On Tue, Sep 8, 2015 at 9:25 AM, Levente Uzonyi <leves at elte.hu> wrote:

> I forgot to answer your other questions.
>
> On Tue, 8 Sep 2015, Chris Cunningham wrote:
>
> Levente,
>> Interesting.  I have a question and a concern about your implementation,
>> though:
>>
>> Question: why in the micro checks, is the Write faster than the Access:
>>
>
> Because Access means allocation of new objects (LargeIntegers), while
> Write simply means copying bytes.
>
> {'cbc smallN write'->'10,400,000 per second. 95.8 nanoseconds per run.'.
>> 'cbc smallN access'->'10,300,000 per second. 97.4 nanoseconds per run.'.
>> 'cbc largeN write'->'12,400,000 per second. 80.4 nanoseconds per run.'.
>> 'cbc largeN access'->'3,920,000 per second. 255 nanoseconds per run.'}.
>> yet in your more thorough benchmark, the Write twice as slow as the
>> Access?
>>
>
> For each pair of lines the first one was measured _before_ my changes, the
> second one was measured _after_ them. The benchmark measures read and write
> together, so 536.109375 stands for the average number of milliseconds to
> read and write ninemillion numbers using your variant of the 64-bit methods
> on my machine.
>
> "unsigned long 64"
>> (put, or Write) "average asFloat 536.109375".
>> (Access) "average asFloat 259.359375"
>> any ideas?
>>
>
> So this is
>
> (read and write Before) "average asFloat 536.109375"

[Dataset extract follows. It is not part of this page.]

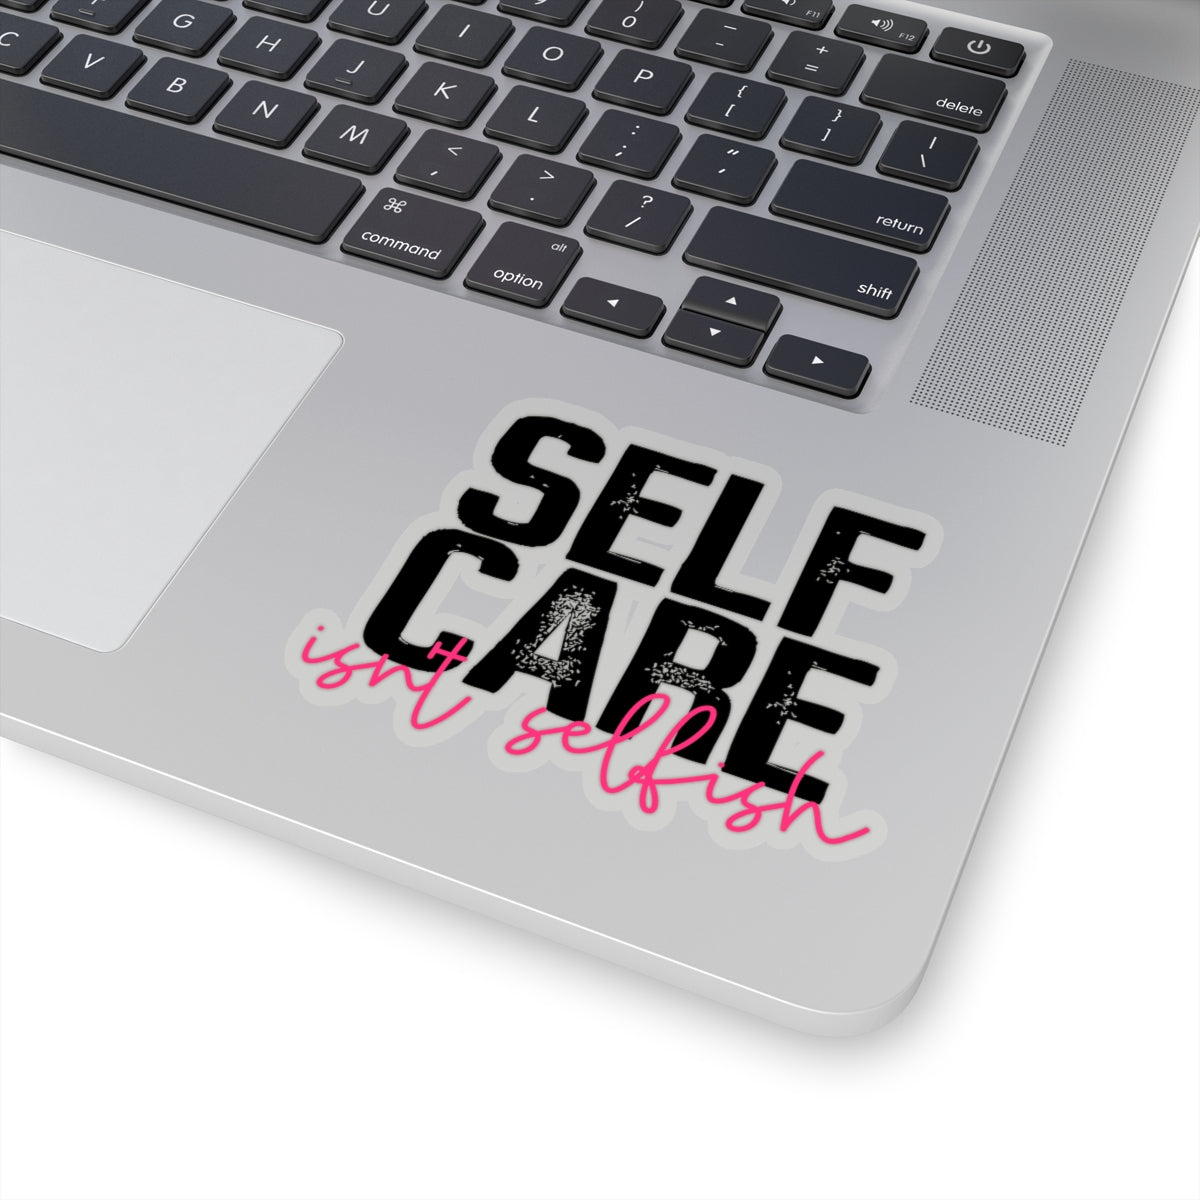 Self Care Isn't Selfish Sticker
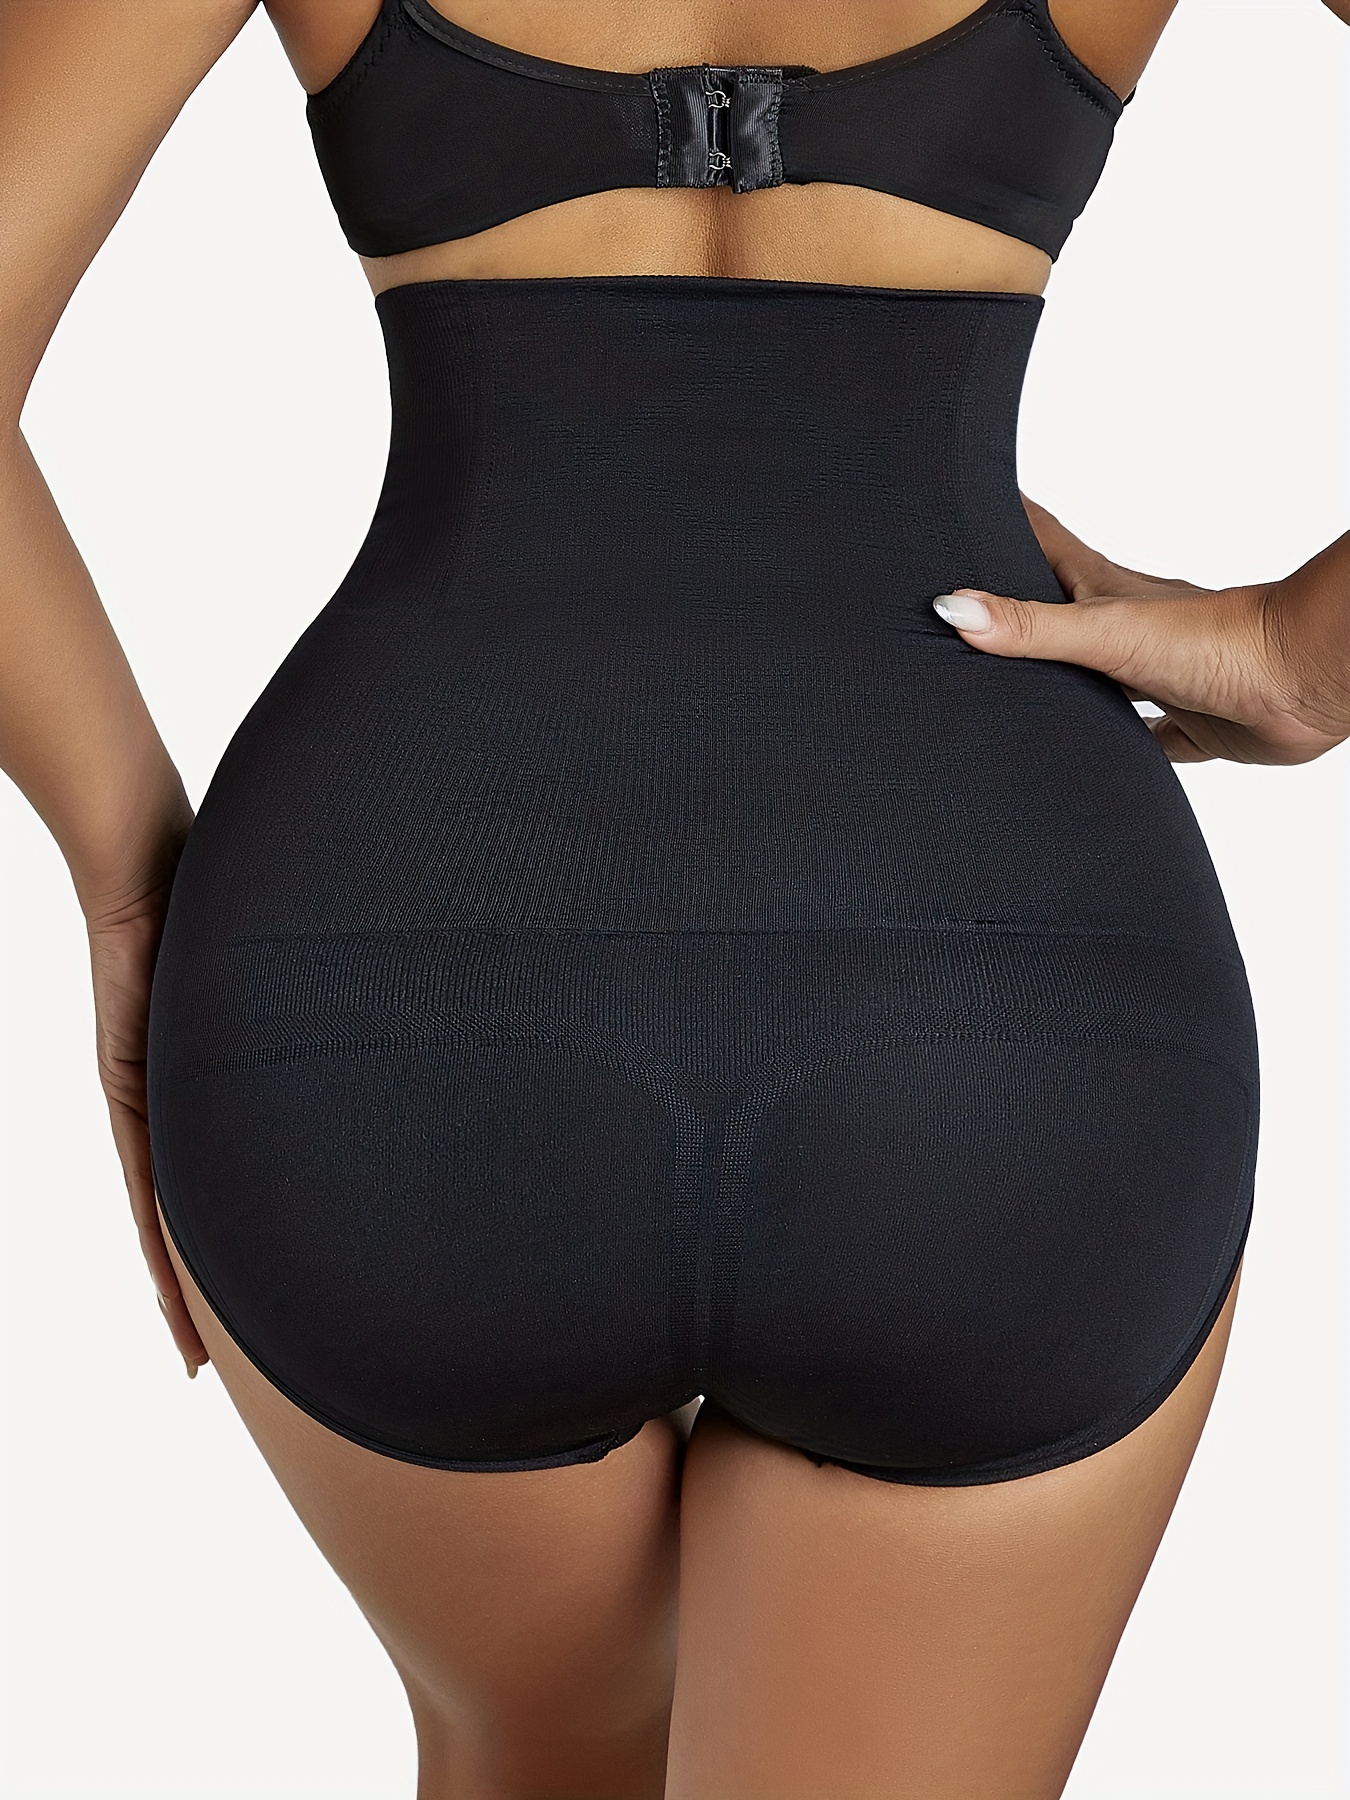 High Waist Body Shaper Short Panties for Women#highwaistpanties #bodys

> (read and write After) "average asFloat 259.359375"
>
>
> Levente
>
>
>
>> the concern is that your code is nicely optimized for our current 32bit
>> vm - but once we go to 64 bit, I think it will fail.  Should we be
>> concerned?
>>
>> -cbc
>>
>> On Tue, Sep 8, 2015 at 2:42 AM, Levente Uzonyi <leves at elte.hu> wrote:
>>       Hi All,
>>
>>       A bit later than I wanted to, but I've finally uploaded my versions
>> to the Trunk. I guess I went as far as possible with getting the
>>       "fastest implementation".
>>       I modified your benchmark to use the same numbers, so that the
>> measurements could be repeated. I got the following:
>>
>>       Before:
>>       {'cbc smallN write'->'3,710,000 per second. 269 nanoseconds per
>> run.'.
>>       'cbc smallN access'->'12,000,000 per second. 83.4 nanoseconds per
>> run.'.
>>       'cbc largeN write'->'5,430,000 per second. 184 nanoseconds per
>> run.'.
>>       'cbc largeN access'->'1,370,000 per second. 732 nanoseconds per
>> run.'}.
>>
>>       After:
>>       {'cbc smallN write'->'10,400,000 per second. 95.8 nanoseconds per
>> run.'.
>>       'cbc smallN access'->'10,300,000 per second. 97.4 nanoseconds per
>> run.'.
>>       'cbc largeN write'->'12,400,000 per second. 80.4 nanoseconds per
>> run.'.
>>       'cbc largeN access'->'3,920,000 per second. 255 nanoseconds per
>> run.'}.
>>
>>       As you can see, everything became faster except for smallN access.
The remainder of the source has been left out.